Понуро сидевший на продырявленном барабане раненый, видать по белоснежной шелковистости рубахи тоже офицер, завидя Степана, пробиравшегося между рядами носилок, встрепенулся, с надеждой спросил:
— Ну как, братец, что там?
— Кажись, наши взяли редут, спихнули турка, — нарочито бодро отвечал Степан.
— Слава богу, слава богу, — мелко закрестился офицер и, всхлипнув, заплакал, размазывая по небритым щекам слезы.
Степан пристроил Матвея поудобней — в тени, прислонив спиной к повозке, стоявшей без лошади, хотел было справиться, что делать дальше и где найти доктора, как доктор сам подошел к нему, в кожаном, лоснящемся от крови фартуке, протягивая котелок.
— Воды, скорее, братец, воды, а я твоего осмотрю, — попросил он и снова скрылся в палатке.
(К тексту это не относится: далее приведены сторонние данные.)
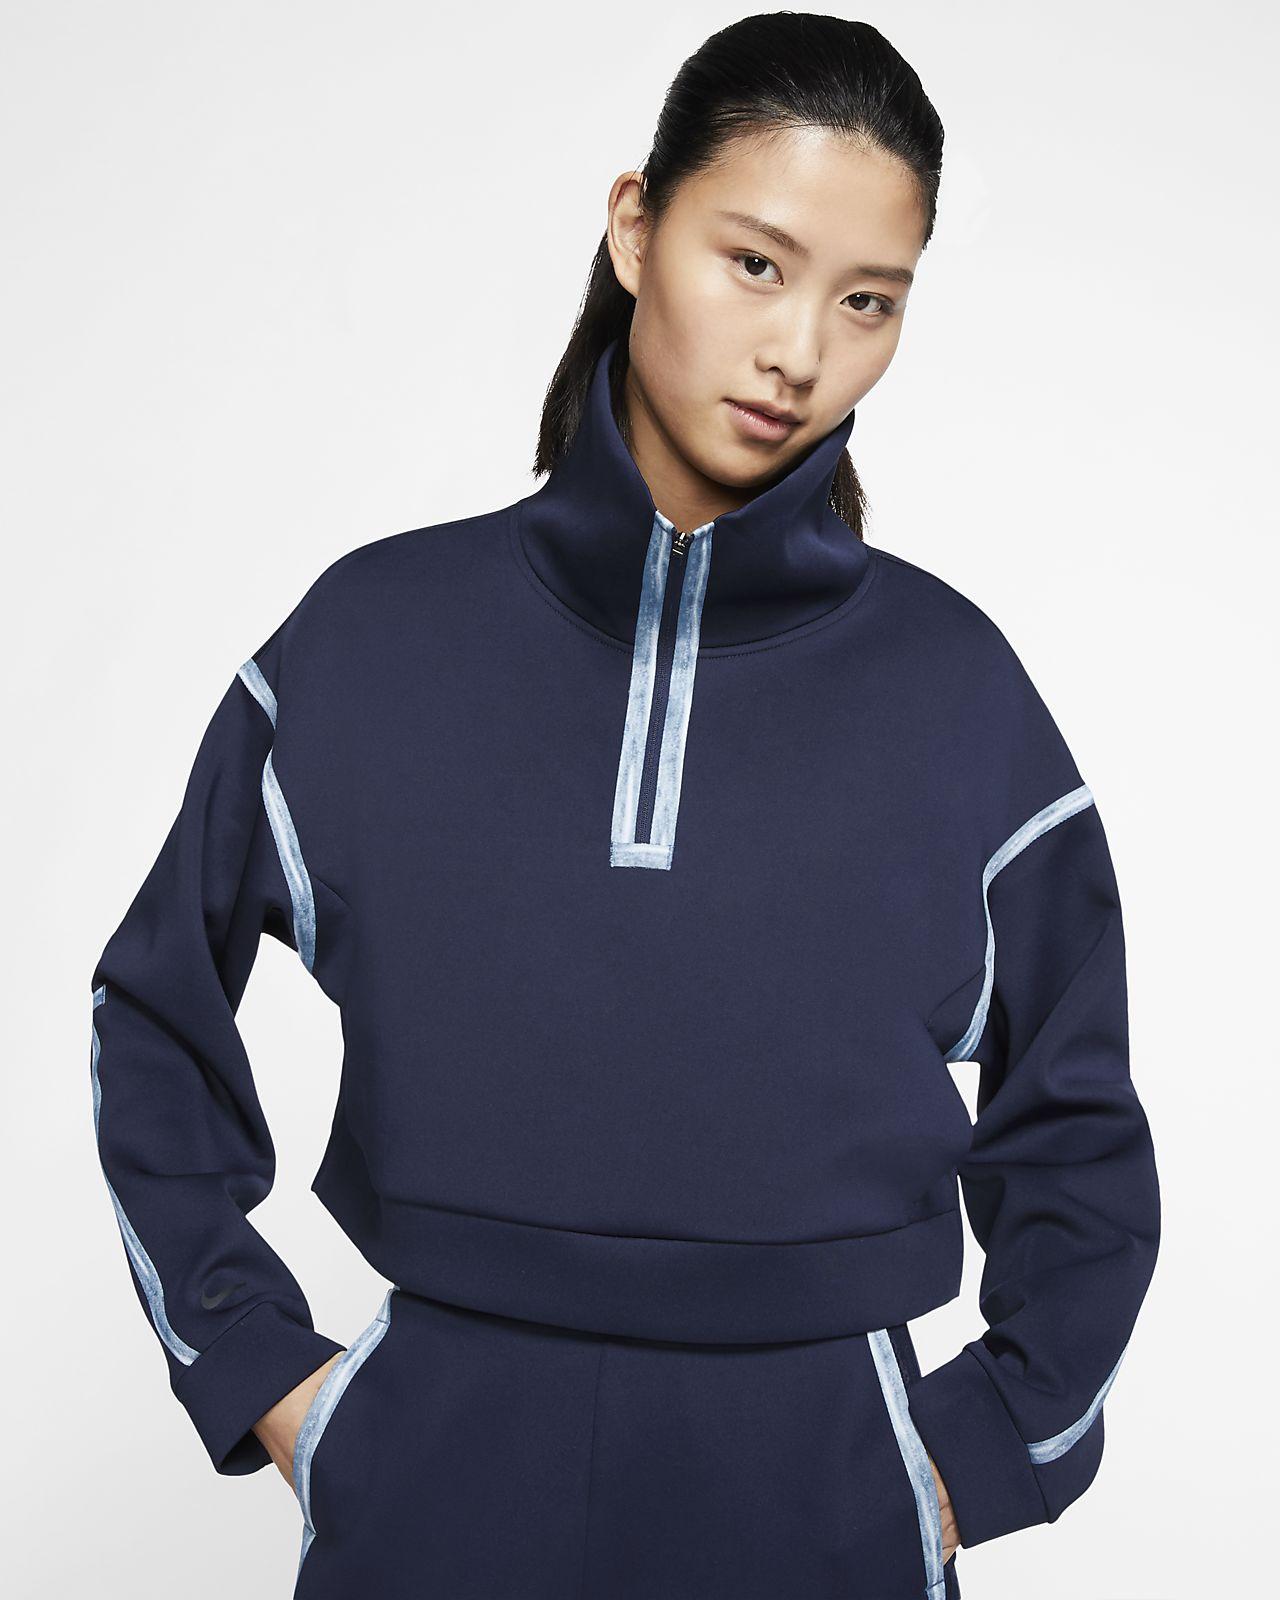 b025374d037 Γυναικείο φλις φούτερ προπόνησης με φερμουάρ στο 1/4 του μήκους Nike City  Ready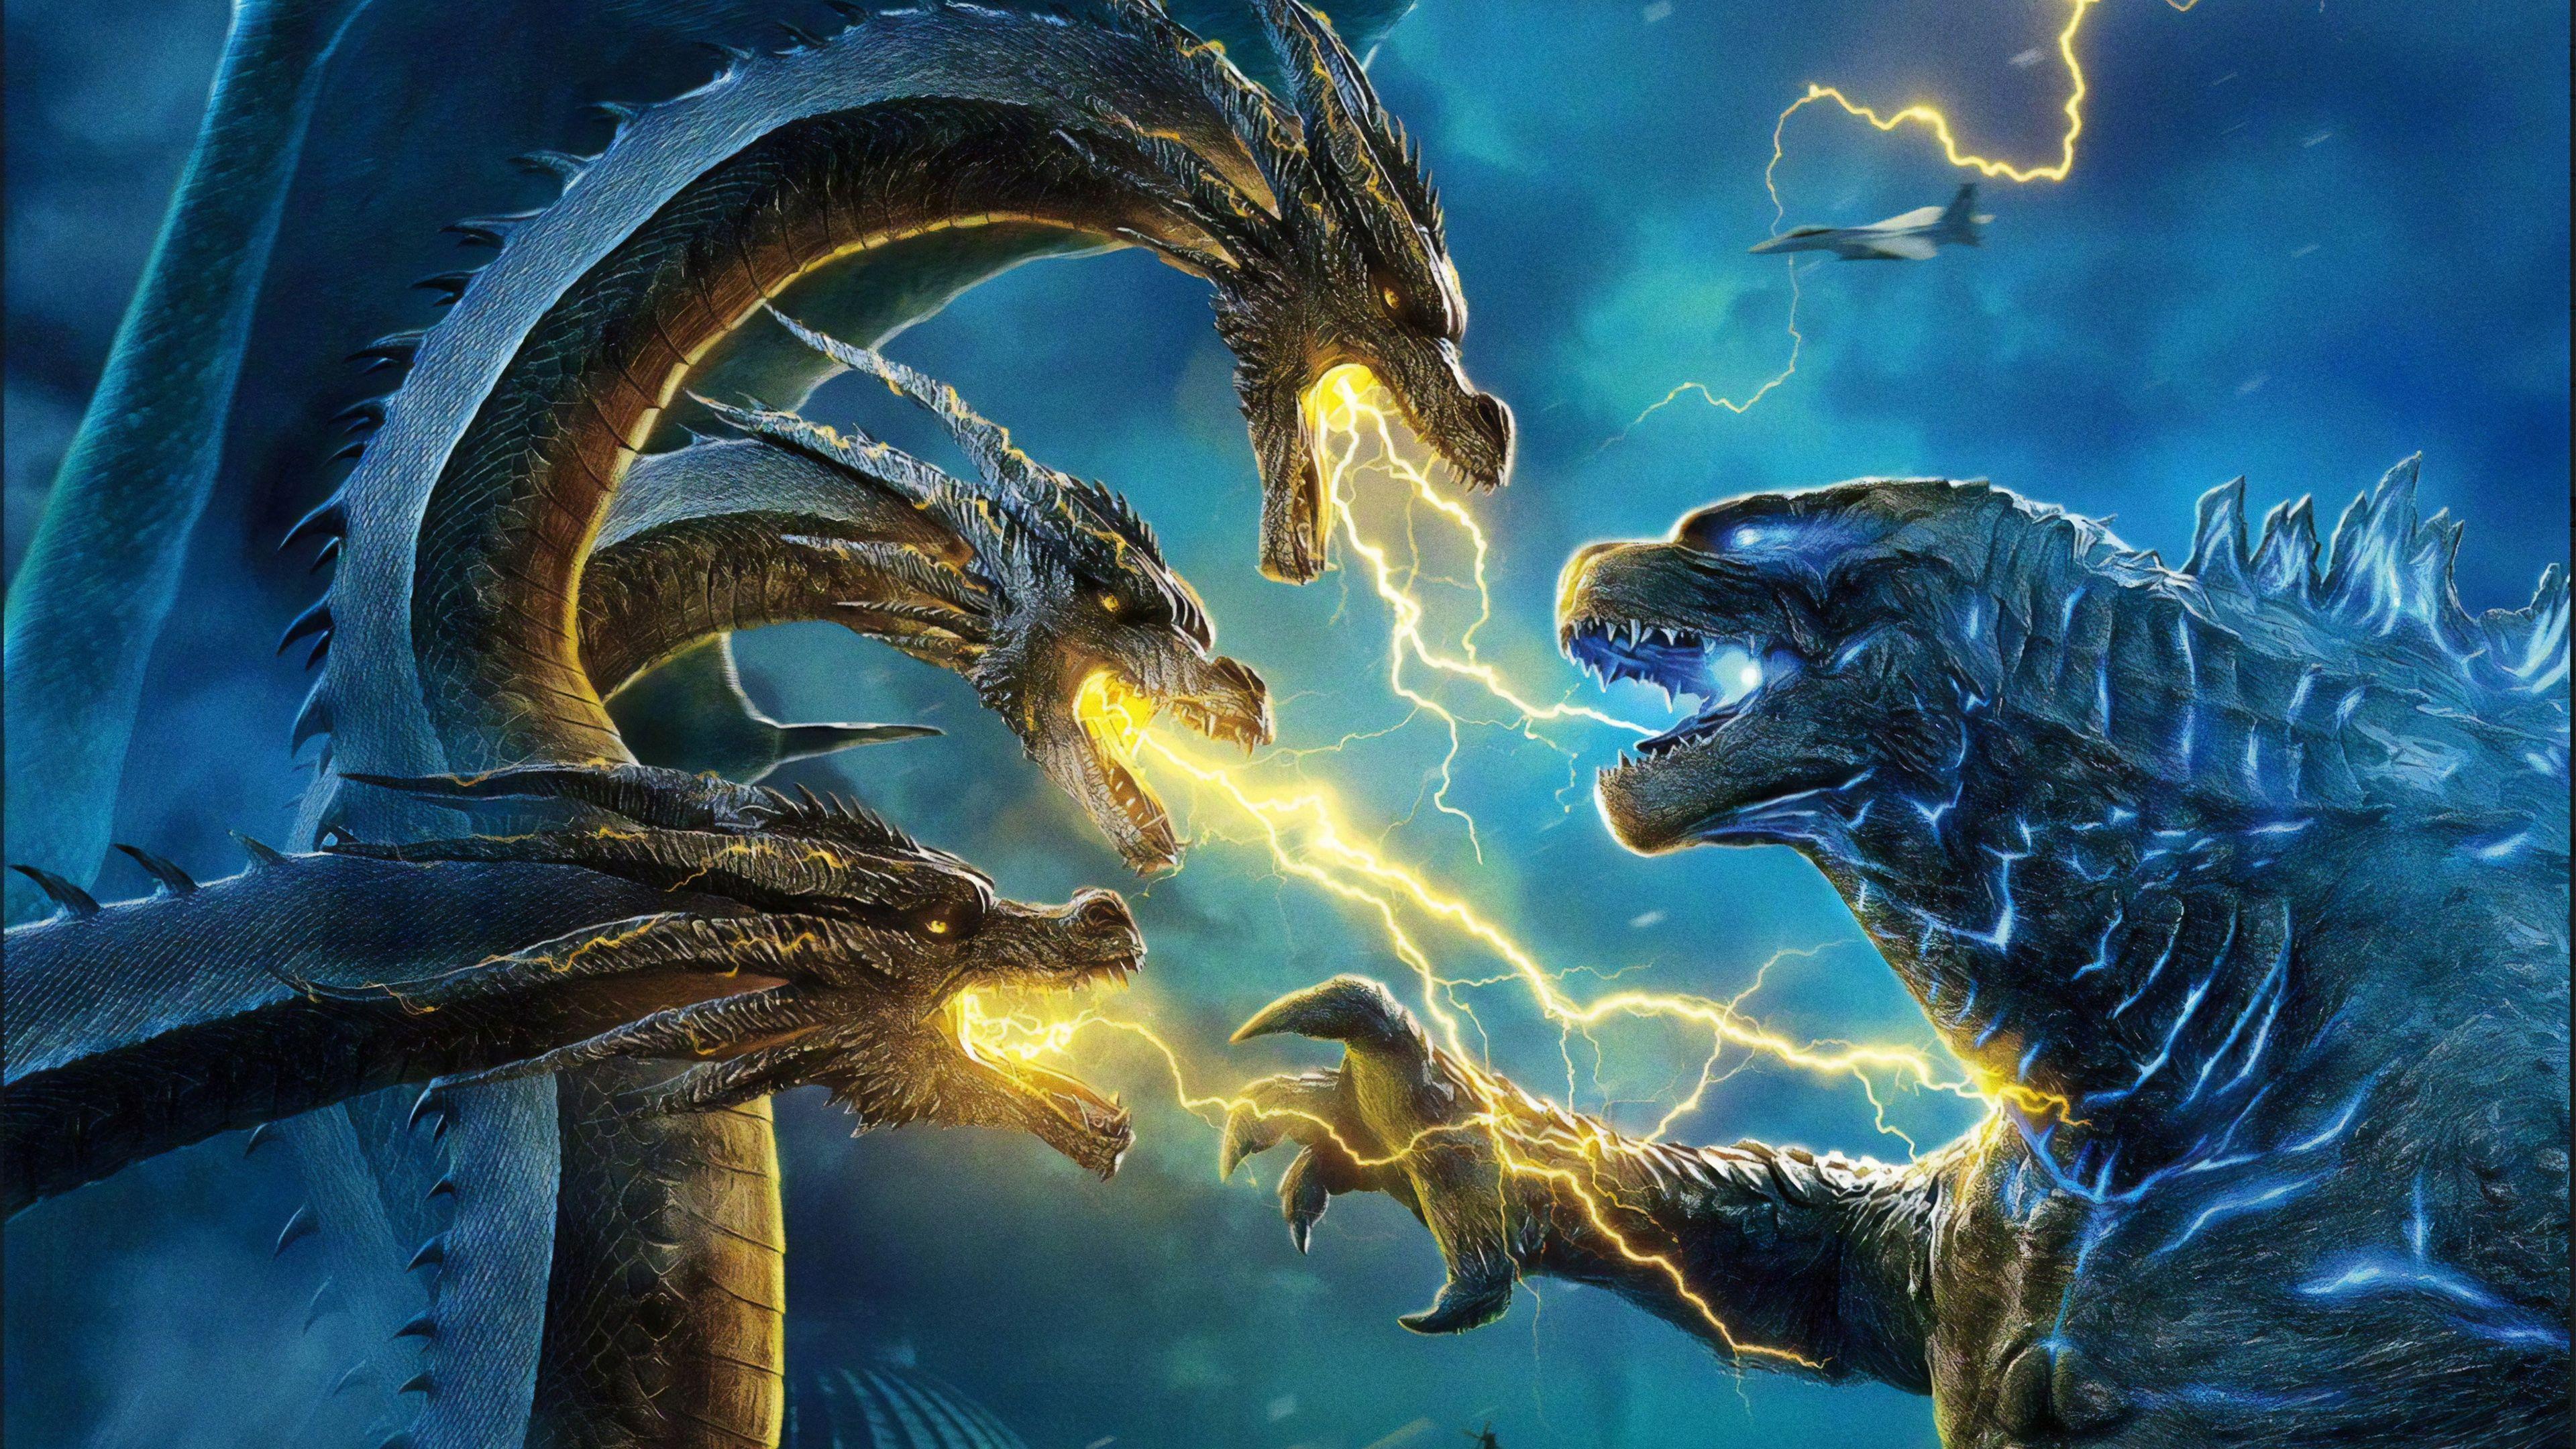 Godzilla Vs. King Ghidorah Wallpapers   Top Free Godzilla Vs. King ...

Припасенные, видать, заранее баки и бидоны оказались пусты, и, бесполезно погремев ими, Степан кинулся по чьему-то совету к деревушке, что уныло выглядывала в мареве обгоревшими трубами. Говорили, будто бы там была чешма — родничок, по камням подведенный кверху. И что, мол, льется вода, как из крана… Но ни чешмы, ни колодца Матвей не нашел. И людей — ни души, только куры квохтали, раскрылатясь в пыли. А жара становилась все нестерпимей. Вот тут-то и наткнулся он на сливу, спасительницу, хотя ягоды, как ни свежи, — все ж не вода…
Но пора было возвращаться, пора. Перекинув за спину винтовку, Степан быстрым шагом начал спускаться к палаткам. Десятки рук потянулись к нему, едва он приблизился. К своему удивлению, он заметил, что круг раненых вроде бы расширился и в нем стало теснее — чтобы добраться до повозки, возле которой он оставил Матвея, теперь приходилось перешагивать через людей. А их все прибавлялось и прибавлялось.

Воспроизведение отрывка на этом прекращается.